Novas regras sobre saúde mental no trabalho entram em vigor

Normas obrigam empresas a prevenirem riscos psicossociais

Por Redação ContilNet 26/05/2026 às 17:21
Acre registrou mais de 1 mil afastamentos do trabalho por incapacidade temporária/Foto: Adobe Stock

As novas regras de Segurança e Saúde no Trabalho, começam a valer nesta terça-feira (26). Com isso, empregadores, gestores e funcionários de todos os setores terão que cumprir normas mais rigorosas, procurando identificar e eliminar riscos ocupacionais, inclusive para a saúde mental dos trabalhadores.

Conforme previstas na mais recente atualização da Norma Regulamentadora nº 1 (NR-1), que estabelece regras sobre o Gerenciamento de Riscos Ocupacionais (GRO). A norma é definida pelo Ministério do Trabalho e Emprego (MTE) por meio de uma comissão tripartite formada por representantes do governo, empregadores e trabalhadores.

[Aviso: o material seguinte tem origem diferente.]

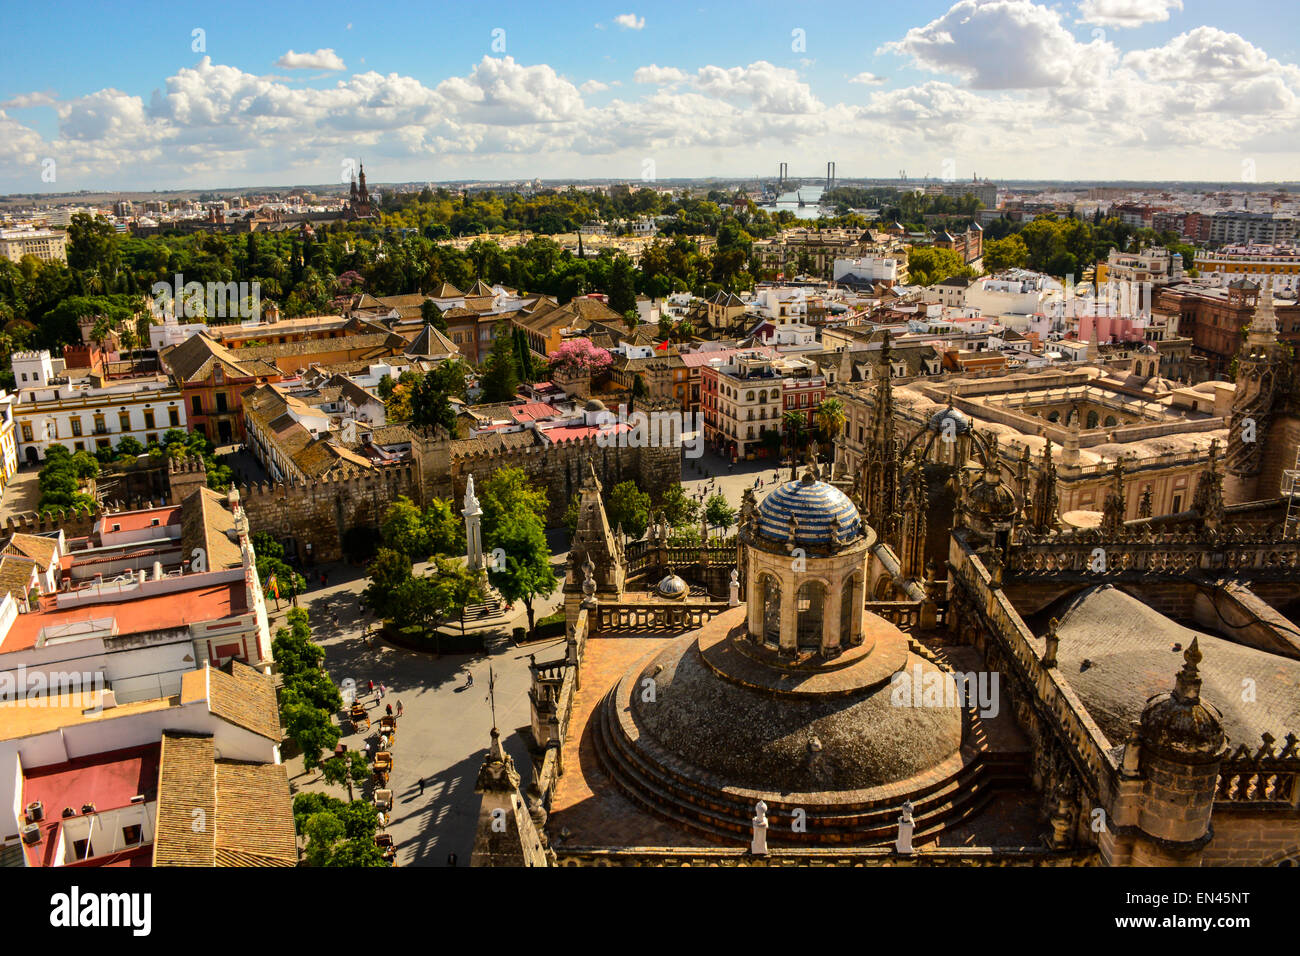 Panoramic view of the romantic city of Seville, Spain. Stock Photo

A atualização da NR-1 foi aprovada em agosto de 2024 e estava prevista para entrar em vigor em maio de 2025. Contudo, o MTE optou por ampliar o prazo de adaptação das empresas, fazendo com que as novas medidas fossem implementadas inicialmente de forma educativa e orientativa.

Com as mudanças já válidas, as empresas passam a ser fiscalizadas quanto ao cumprimento das novas exigências. Segundo o ministério, nos primeiros 90 dias a fiscalização terá caráter orientador, apontando possíveis adequações necessárias. Após esse período, poderão ser aplicadas penalidades, como multas e embargos, dependendo da situação.

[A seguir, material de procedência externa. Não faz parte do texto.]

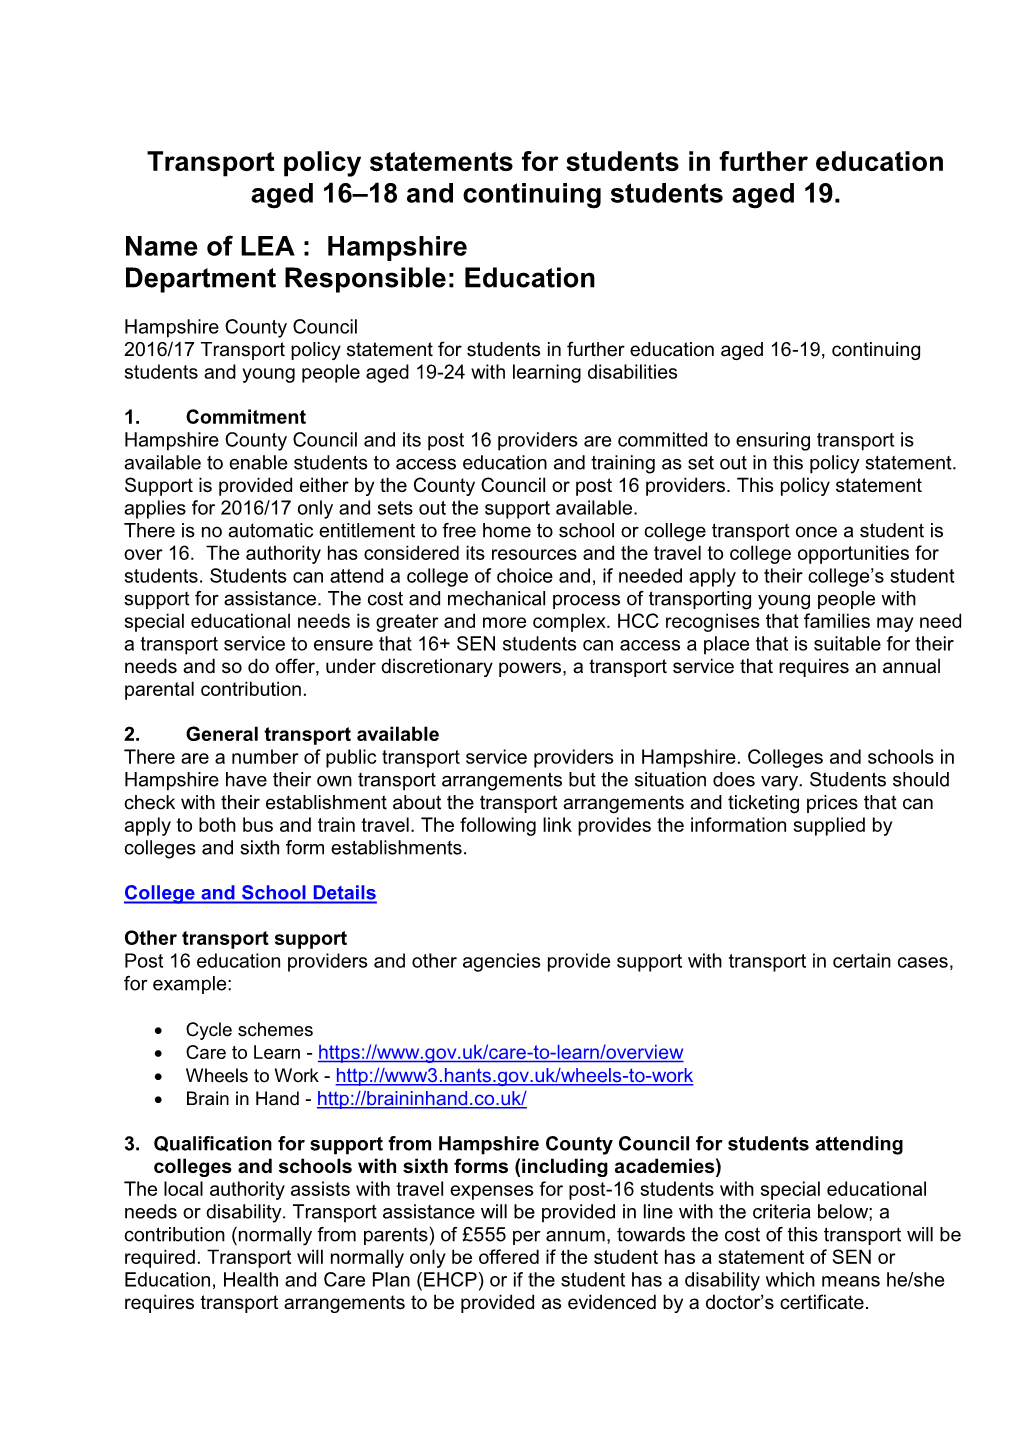 Transport Policy Statements for Students in Further Education Aged 16–18 and Continuing Students Aged 19. Name of LEA : Hamps

O que muda com a nova NR-1

A principal alteração aprovada na norma em 2024 foi a obrigatoriedade de as empresas também identificarem os chamados “fatores de risco psicossociais relacionados ao trabalho”, como excesso de demandas, pressão no ambiente profissional e casos de assédio.

Antes da atualização, a NR-1 determinava apenas que os Programas de Gerenciamento de Riscos contemplassem riscos físicos, químicos, biológicos, ergonômicos e acidentes de trabalho.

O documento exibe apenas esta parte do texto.